Ну, нет! Втроем... Не такие уж они детишки-глупышки! У них имелись сторонники во всех почти школах! Правда, по-настоящему преданных было всего пятеро...
— Но вы назвали только троих?..
Стыдясь прежней своей недоверчивости, Клим рассказал о Кире и Майе. Он выдал им великолепную аттестацию: убежденные противницы обывательщины, борцы за полную эмансипацию женщины, несмотря на сопротивление директрисы, им удалось проделать колоссальную работу в смысле пропаганды новых идей...
— Вы часто встречались?
— Да. Почти ежедневно...
— Где?
— У Широковой...
— Почему для своих встреч вы избрали квартиру, а не школу, допустим?.. Удобнее?
— Да, так нам никто не мешал.
— А ваши учителя... Вы не извещали их об этих встречах?
— Что вы! Зачем?..
— А все-таки... Почему вы не приглашали кого-нибудь из старших?
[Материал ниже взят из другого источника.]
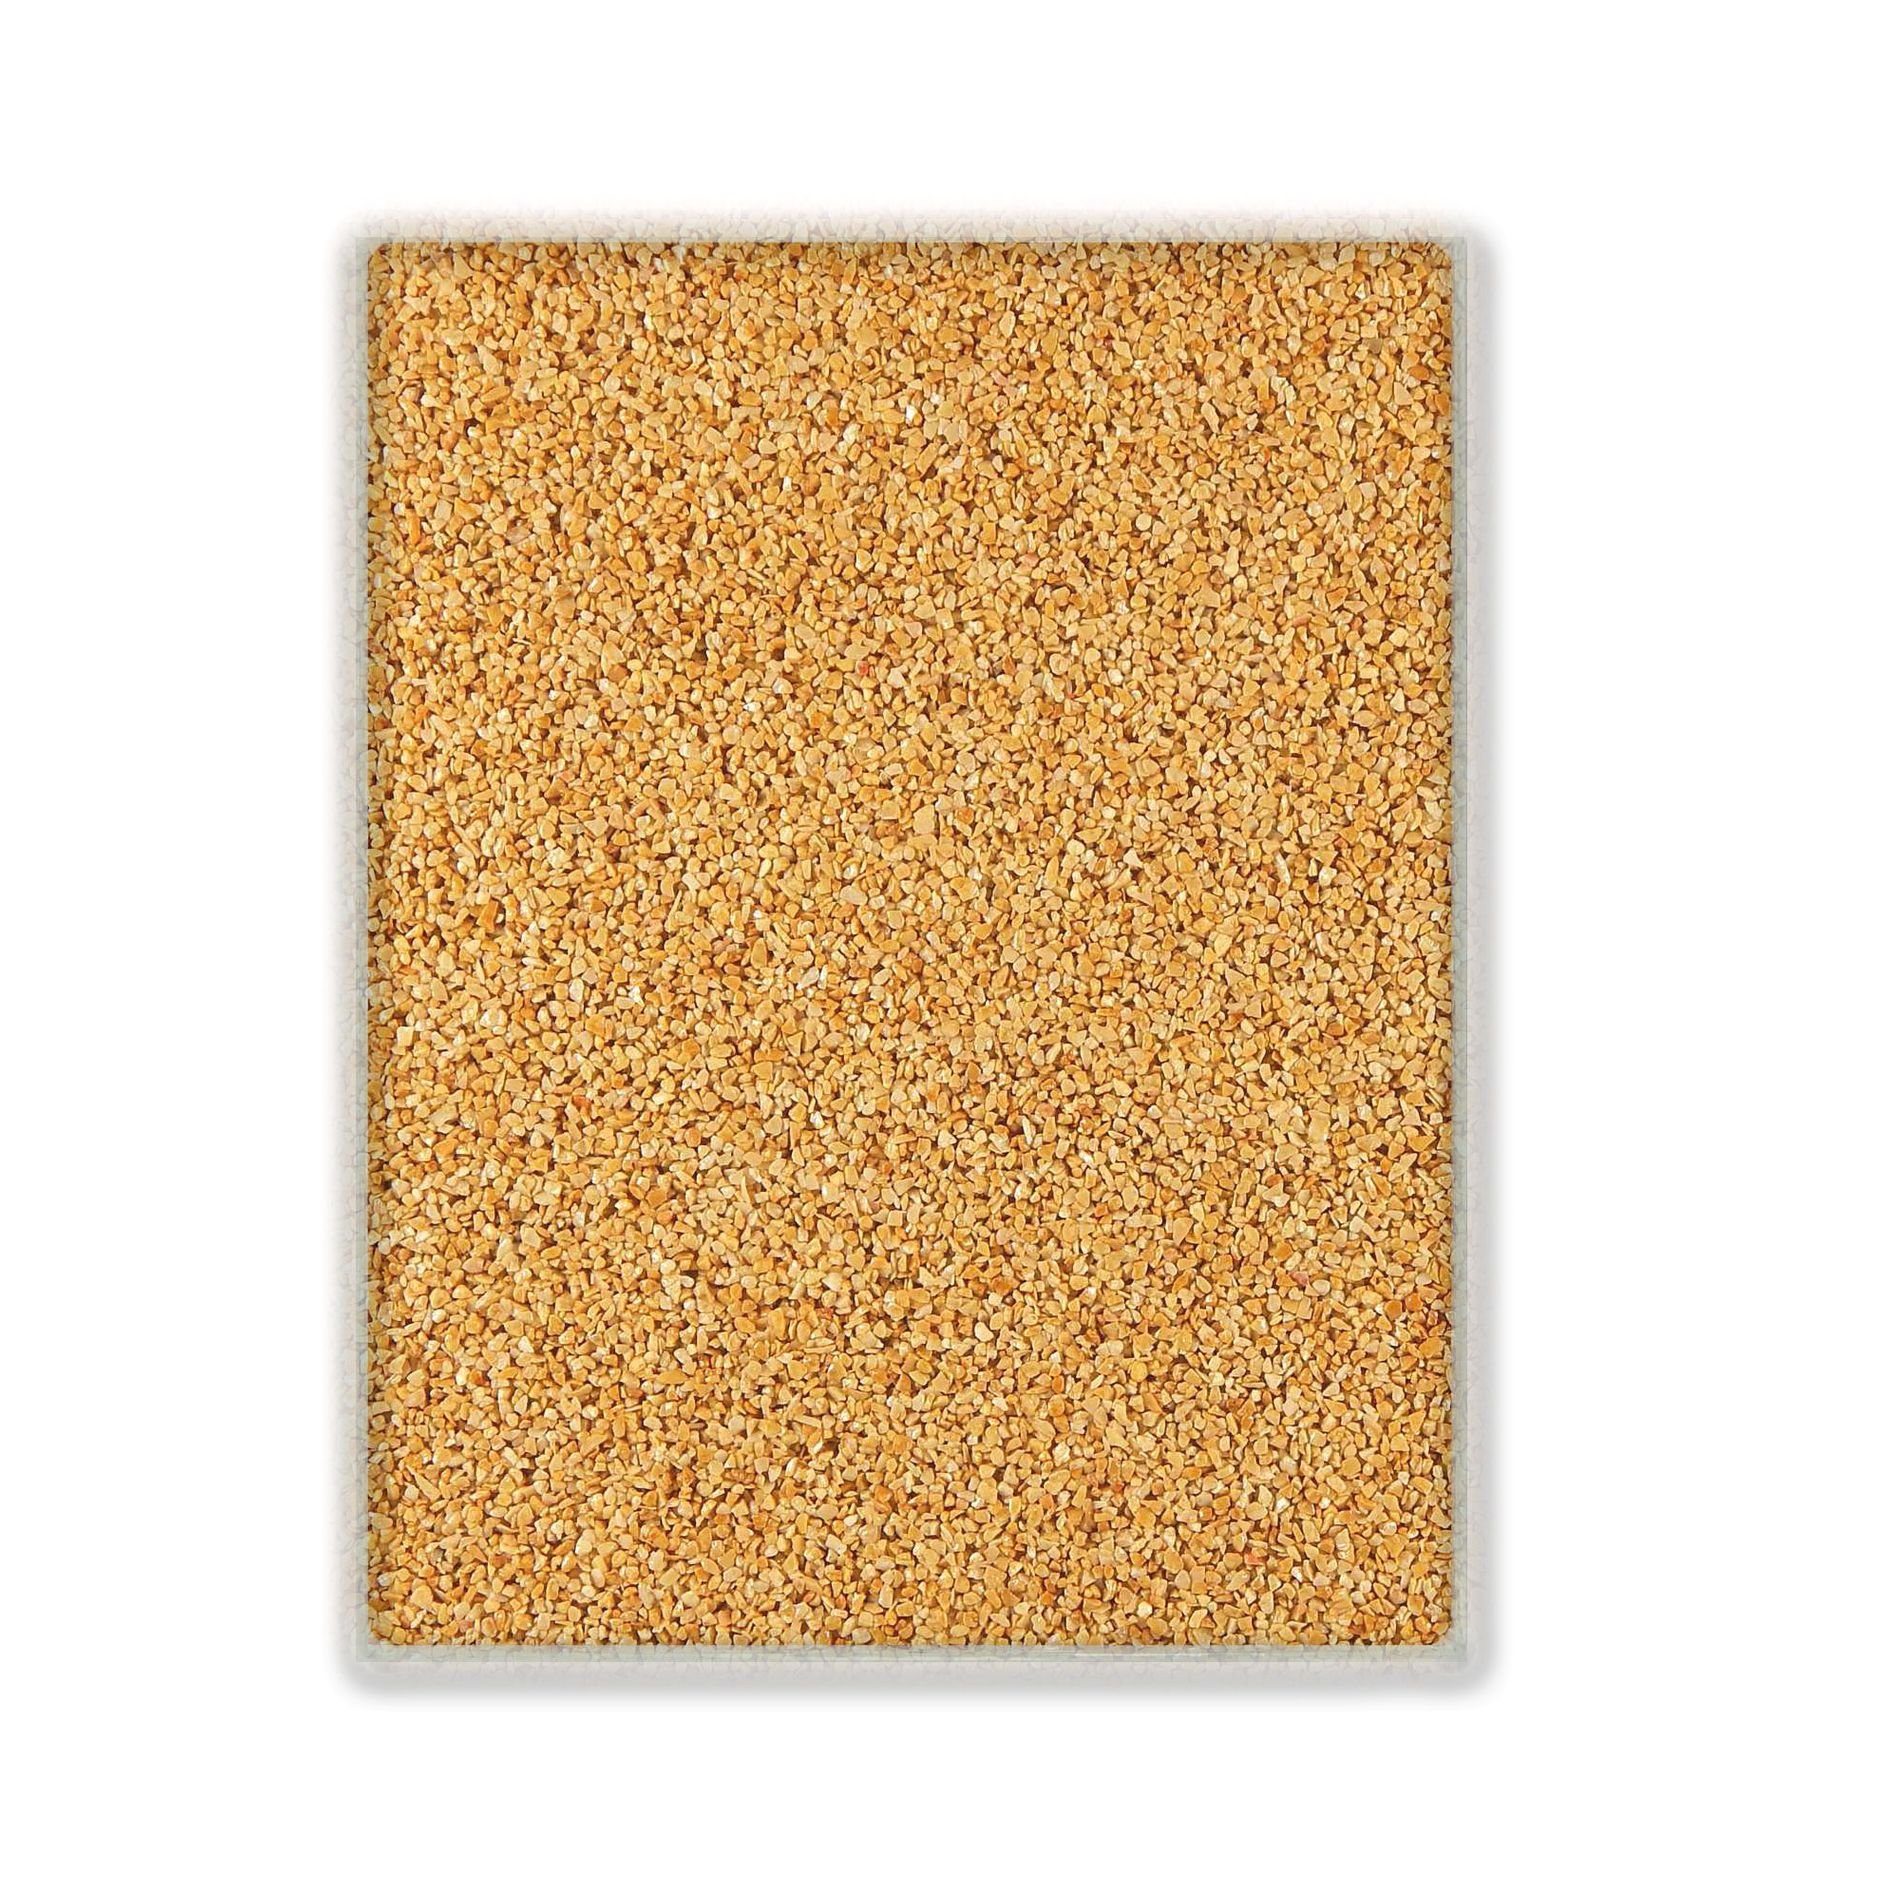 Terralith® Designboden Farbmuster Kompaktboden -giallo-, Originalware aus der Charge, die wir in diesem Moment im Abverkauf haben.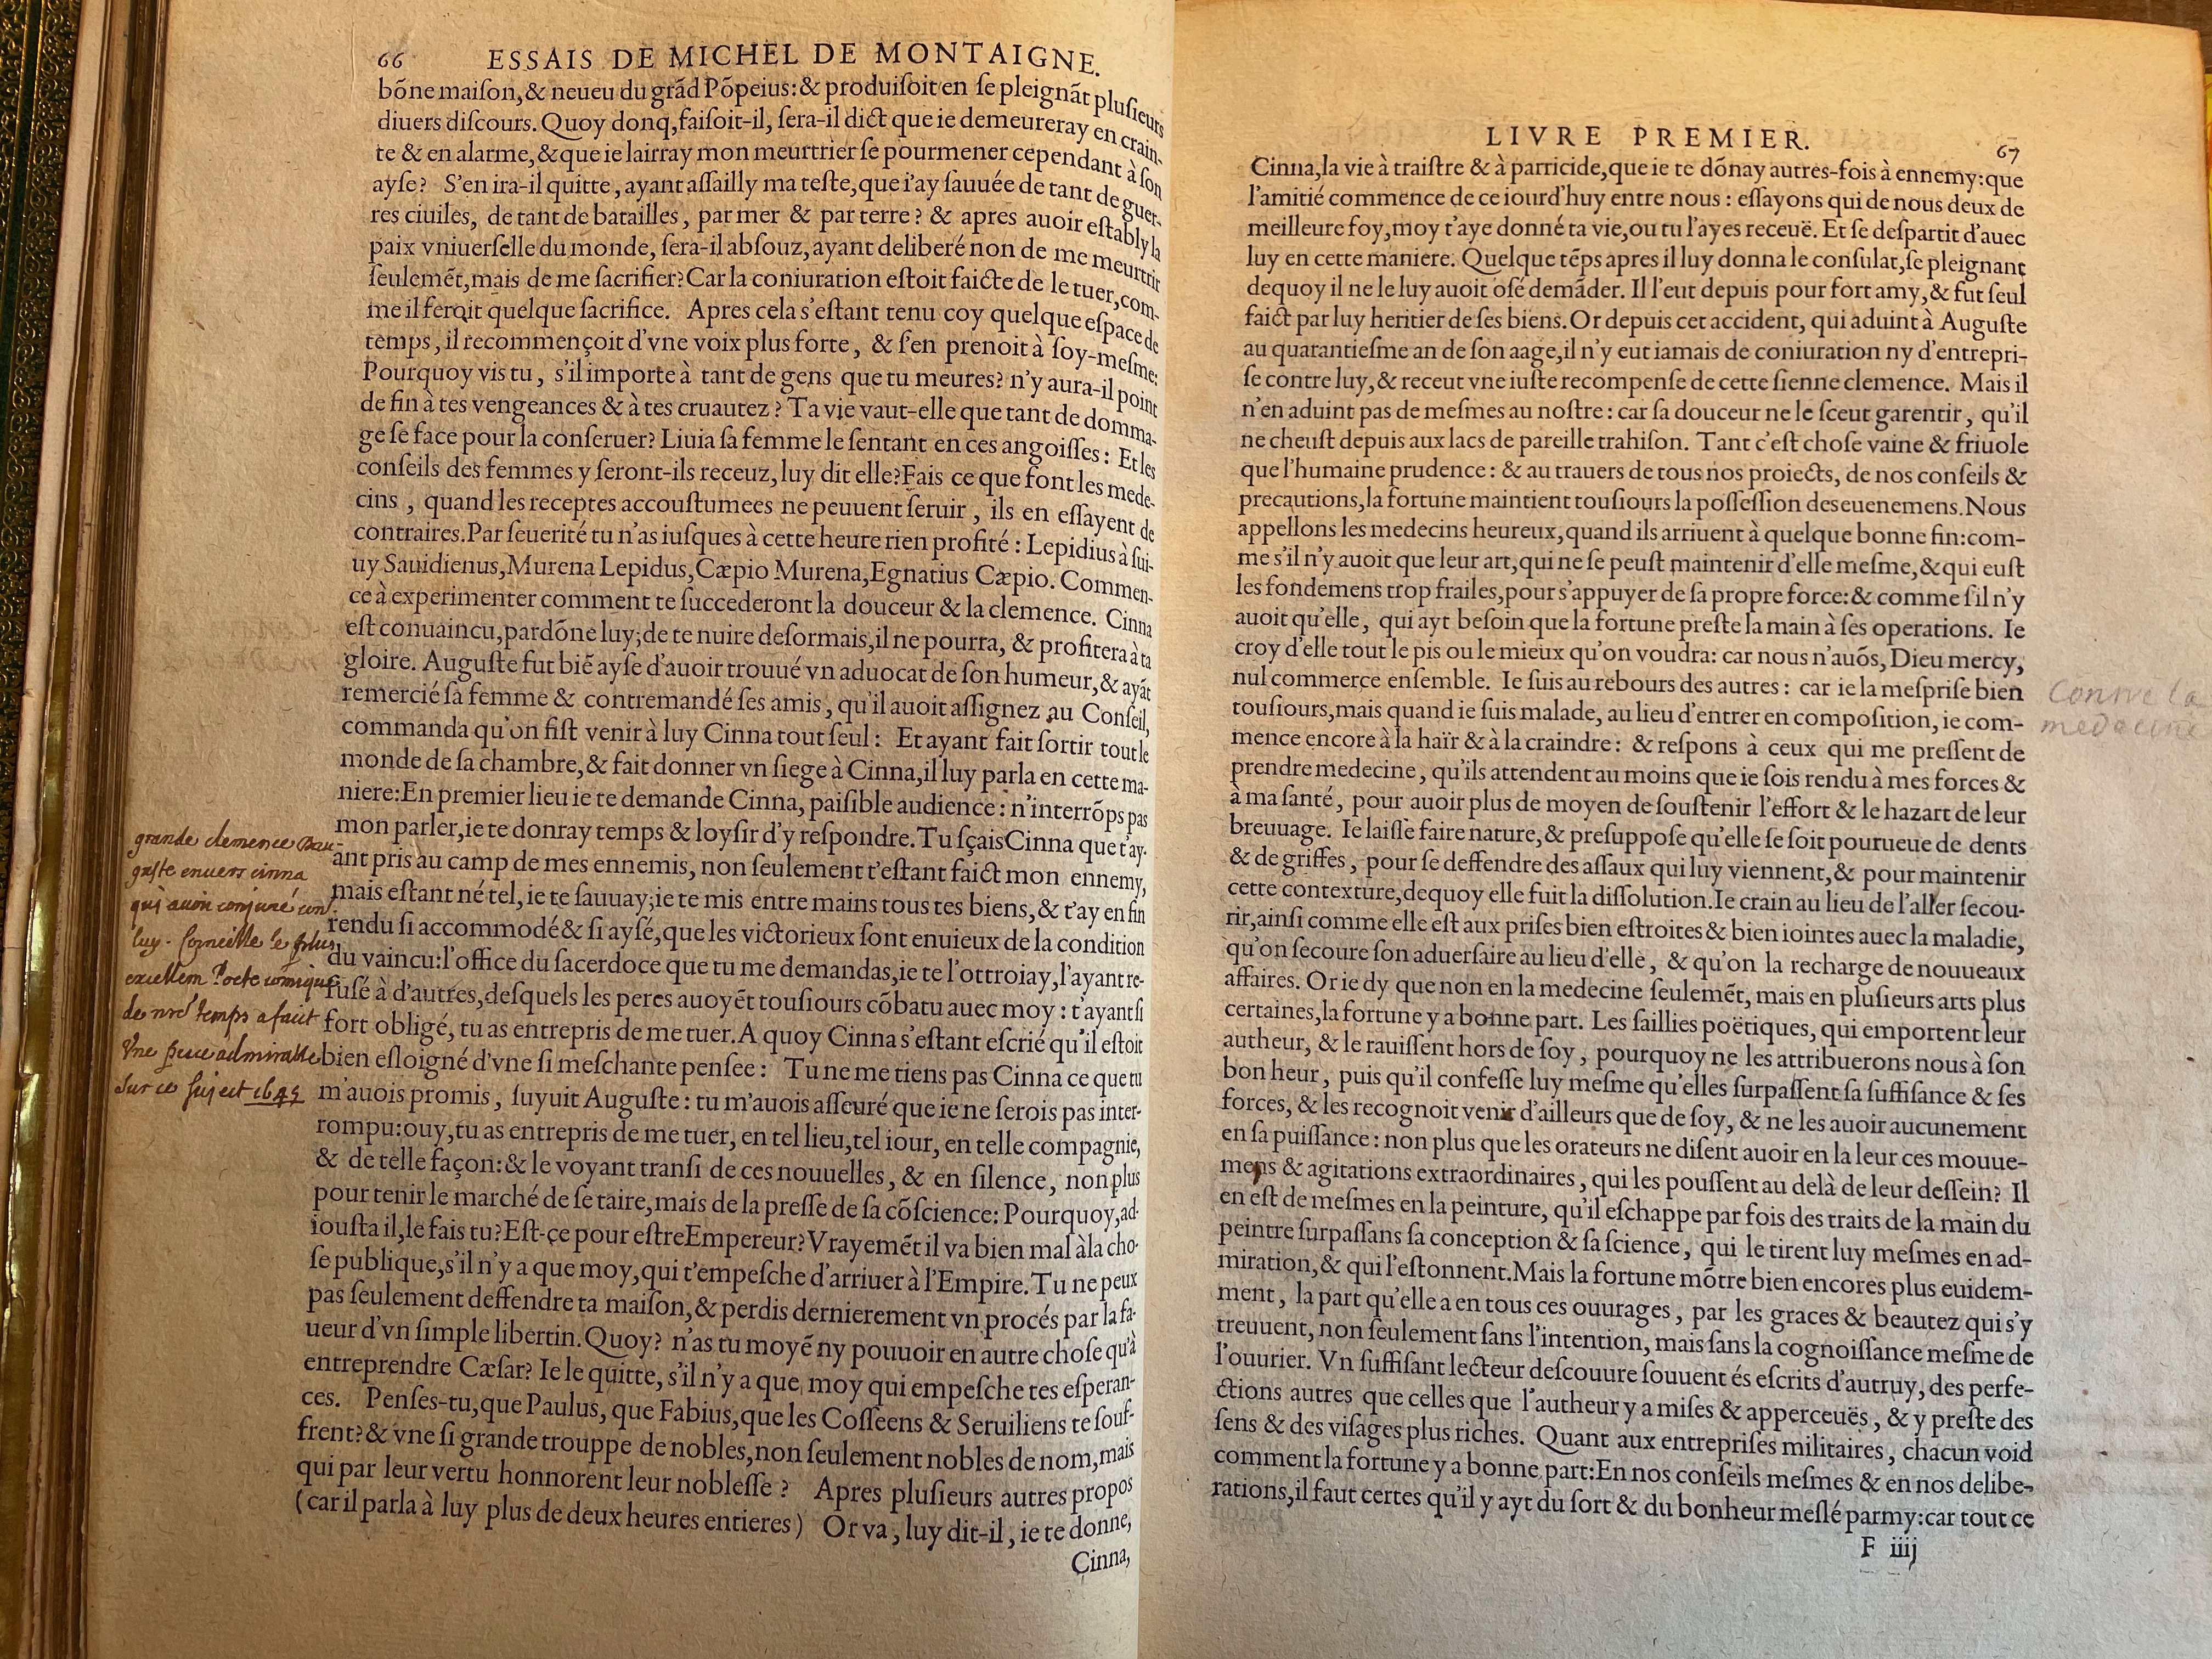 5. - p. 66-67, Livre I. Les Essais, 1595. Exemplaire Laval.

Странный вопрос! Уж не Николая ли Николаевича?.. .
— Там бывала одна старшая...
Капитан, гася окурок, задержал руку.
— Кто же?..
— Майина бабушка...— Клим вспомнил: действительно, к ним иногда заглядывала старушка, жившая за стеной: «И чего вы гогочете, ровно гуси — го-го-го! Спать не даете: у меня сквозь стенку все слышно!»
— Значит, вы встречались только впятером и держали это от всех в строгом секрете?
Ну вот! К чему им хранить свой идеи в секрете? Наоборот! Последнее время у Широковой собиралось столько народу — яблоку негде упасть!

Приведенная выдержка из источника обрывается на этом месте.